Because the LynxOS RTOS is designed from the ground up for conformance to open system interfaces, OEMs are able to leverage existing Linux, UNIX and POSIX programming talent for embedded real-time projects. Real-time system development time is saved and programmers are able to be more productive using familiar methodologies as opposed to learning proprietary methods.

I am beginning to think the coop scheduler thing is always a poor choice for ARM Arduino. Even RTOSes like ChibiOS are are not right for most users. A real OS that is more like LynxOS may be a better choice.

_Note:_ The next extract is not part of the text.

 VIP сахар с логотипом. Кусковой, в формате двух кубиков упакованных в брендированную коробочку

I guess I will reexamine the options to see what is available if I write AVR off.

To paraphrase a well known quote, you can put object-oriented lipstick on a coop scheduler but it still is a coop scheduler.

here we go:

google code updated with SCoop library V1.1.1 XMass Pack, for enhancing the SCoopFifo object with atomic code portion. this now enables using fifo in ISR like in example 4 of the pack. thanks to fat16lib for finding the bug. please download this version if you plan to use fifo in isr.

also include a new example 5 demonstrating a 500hz analog sampling with fifo logging and treatmet by a task without interrupts

time for the week end, I might do some followup as of 25/26th of december due to XMass week end with familly.

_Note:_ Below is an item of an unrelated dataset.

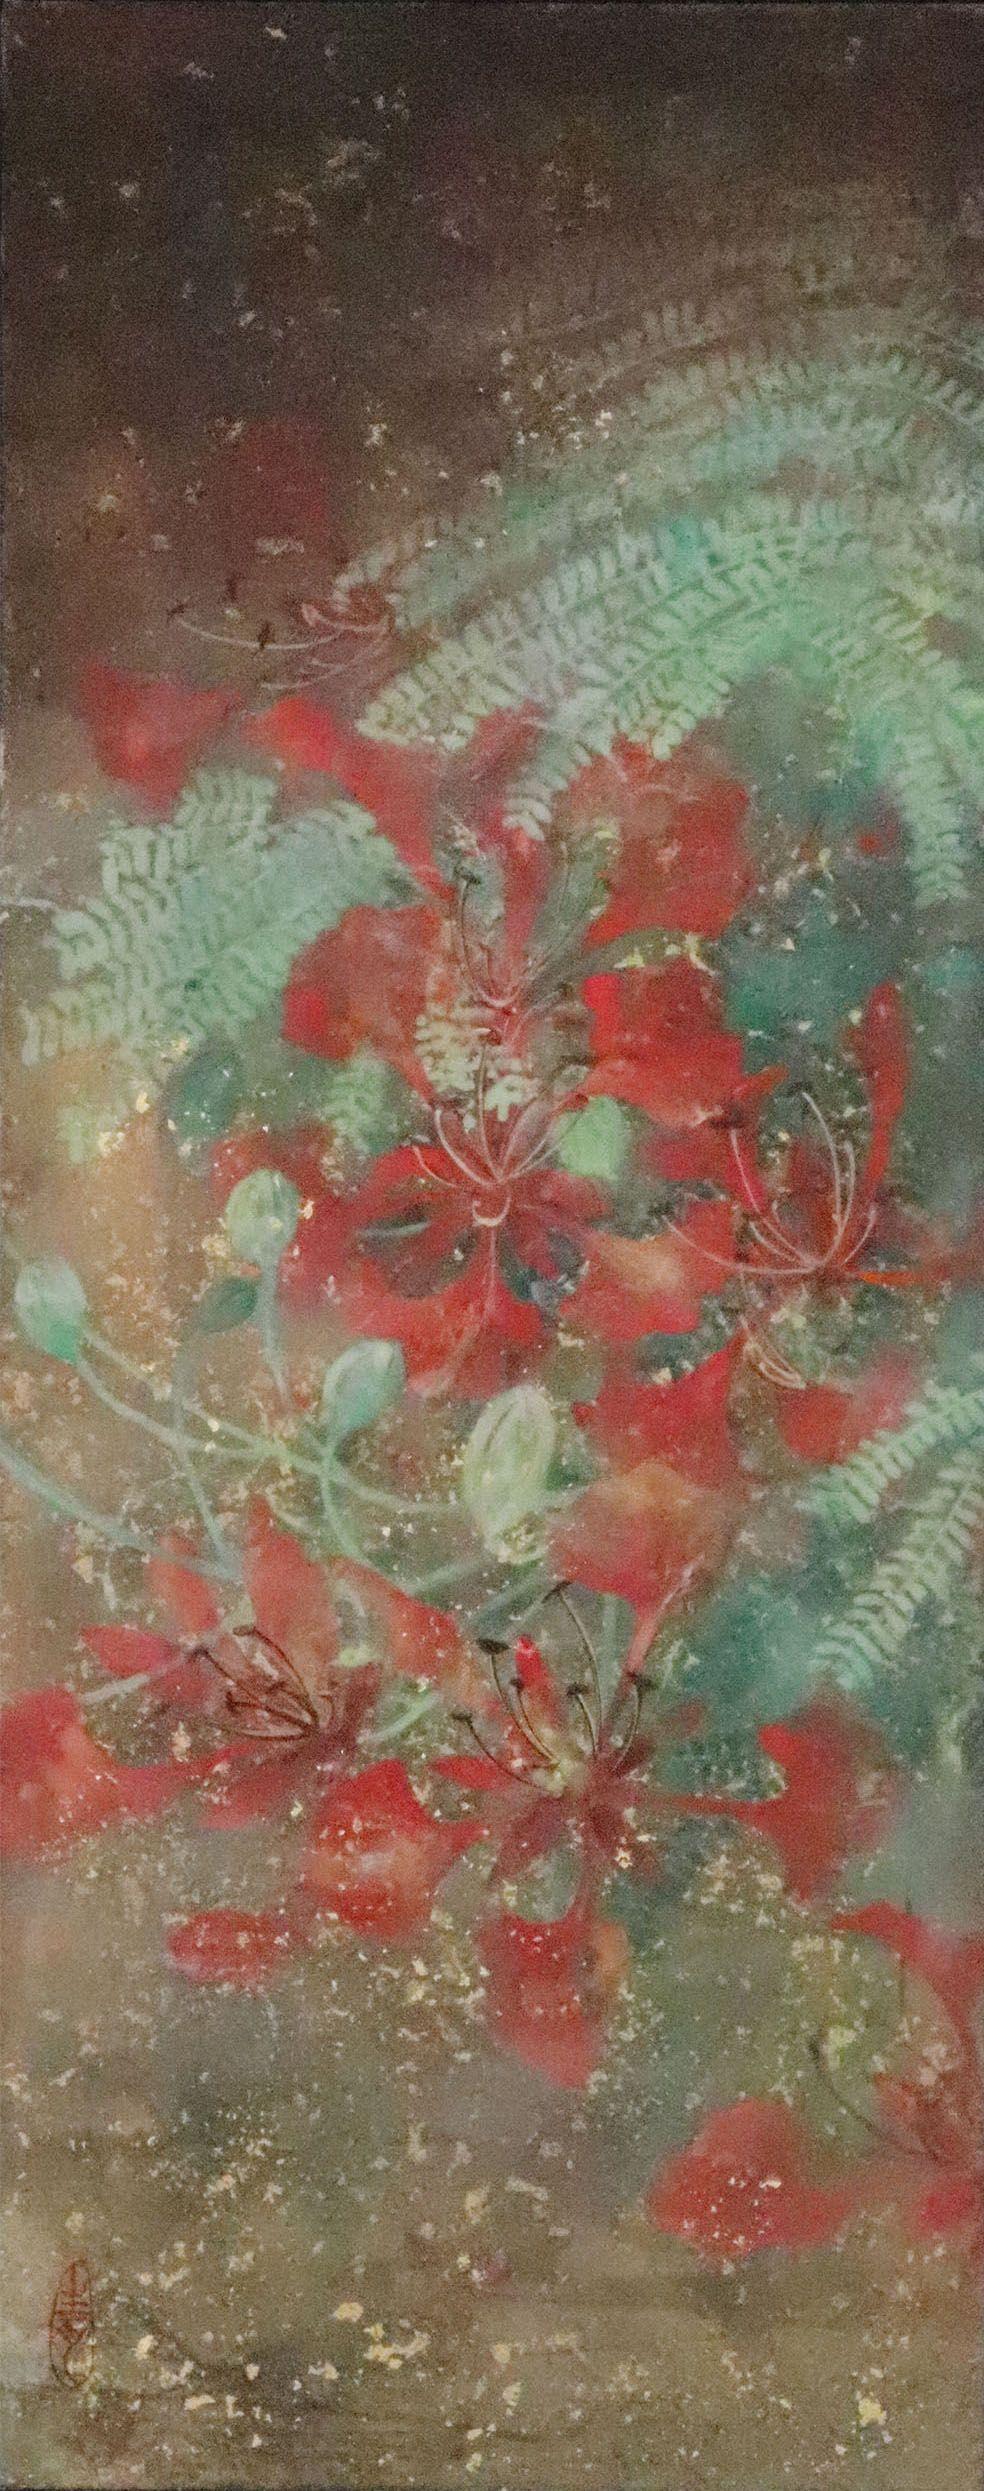 Sommer II von Chen Yiching - Zeitgenössische Nihonga-Malerei, Blumen, Nature

// BTW // regarding post above, linux type of OS is probably a nice alternative, especially for raspberry pi or PC on key with android for example. but for Teensy3 and Arduino DUE, the size of the program memory might not be ok, considering the large size of code generated by the ARM compiler... I still beleive that we have nice days ahead of us with Schedulers :)


I am not interested in sampling, the problem is that libraries required to log data can not be salted with enough yields() to get low jitter or worse, missed data points. You don’t need a scheduler to sample at 500 Hz, it’s trivial.

You must learn something about the theory of SNR for ADC sampling. Data is worthless if there is substantial jitter in the time between data points.

Your toy examples don’t proving anything. You must do real examples with popular Arduino libraries. That’s why I include a real data logging example.

but for Teensy3 and Arduino DUE, the size of the program memory might not be ok

I didn’t mean running a true Linux/Unix I meant one of the many small kernels that are Linux like. These kernels run on very small processors. There are an amazing number of kernels out there.

I still beleive that we have nice days ahead of us with Schedulers

Your right, there are still lots people writing coop schedulers so you are not the last diehard. People still write apps in assembler too.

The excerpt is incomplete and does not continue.